Ashland Gazette
- Type: Weekly newspaper
- Owner: Lee Enterprises
- Founder: J. F. Ritchhart
- Publisher: Midlands Newspapers Inc.
- Editor: Lisa Brichacek
- Founded: 1878
- Headquarters: 564 N. Broadway, Wahoo, Nebraska United States
- Circulation: 581
- OCLC number: 30909595
- Website: wahoo-ashland-waverly.com/community/ashland/

= Ashland Gazette =

American weekly newspaper in Nebraska

The Ashland Gazette is a weekly newspaper serving Ashland, Nebraska and surrounding communities of Saunders County, Nebraska.

The paper is part of Midlands Newspapers, Inc., which is a subsidiary of Omaha World-Herald, which was owned by Berkshire Hathaway Inc. As of 2020, the newspaper is owned by Lee Enterprises.

== History ==
The paper was established as the Saunders County Reporter in 1878 by J.F. Ritchhart. In 1881, it was purchased by T.J. Pickett, Jr. and renamed to Ashland Gazette. The Ashland Gazette is considered the oldest newspaper and oldest business in Saunders County, Nebraska.

Pickett Jr. sold the paper to William Becker around 1892 and went on to purchase the Wahoo Wasp. William Becker published the Ashland Gazette until 1911 when he sold the paper to F.L. Carroll.

Glen Howard purchased the paper in 1914 and he installed a new linotype machine and modern printing equipment. Howard worked on the paper until his death in 1934. Mr. and Mrs. J.R. Ziegenbein published the paper from 1932 to 1945; Mrs.
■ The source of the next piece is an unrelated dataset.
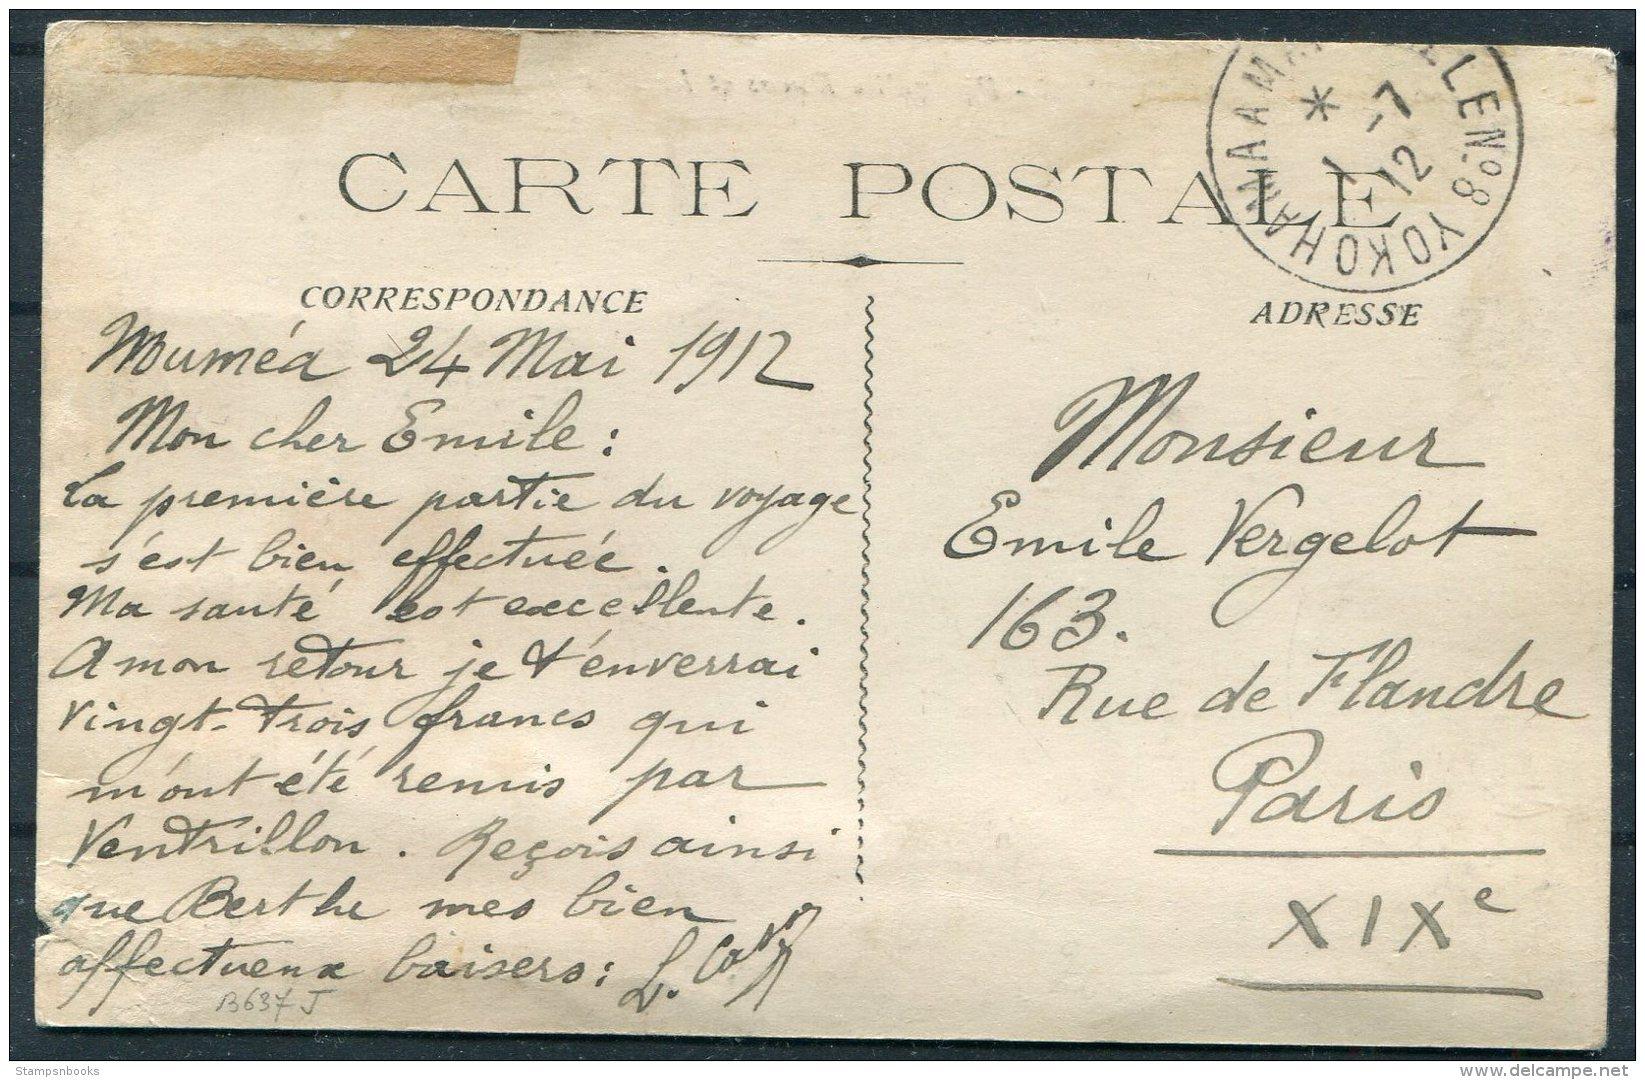 1912 New Caledonia Postcard, Yokohama Maseille Paquebot - Paris. Ship NERA - Nieuw-Caledonië

J.R. Ziegenbein was Glen Howard's daughter. During that time, they also owned the Gretna Breeze. Ziegenbein was a member of the committee that established the College World Series in 1949.

M.C. Howe owned and edited the paper from 1945-1955.

In 1955, the Ashland Gazette was sold to Arthur J. Reidesel. Reidesel served as president of the Nebraska Press Association in 1979. Reidesel published the Gazette for 30 years, until his retirement in 1985. The paper was sold to Zean and Marilyn Carney.

Ashland Gazette became part of Arbor Printing Co., a company owned by the Carneys and that also included The Waverly News, the Wahoo Newspaper, and the David City Banner Press. Zean Carney served a term as president of the Nebraska Press Association in 1999.

On May 1, 2004, the Carneys sold the Ashland Gazette to Midlands Newspapers, Inc., which is a subsidiary of Omaha World-Herald. The Carneys went on to establish and fund The Outstanding Young Nebraska Journalist Award, given every year by the Nebraska Press Association. In 2011, Zean Carney received the highest honor bestowed by the Nebraska Press Association: the Master Editor-Publisher Award.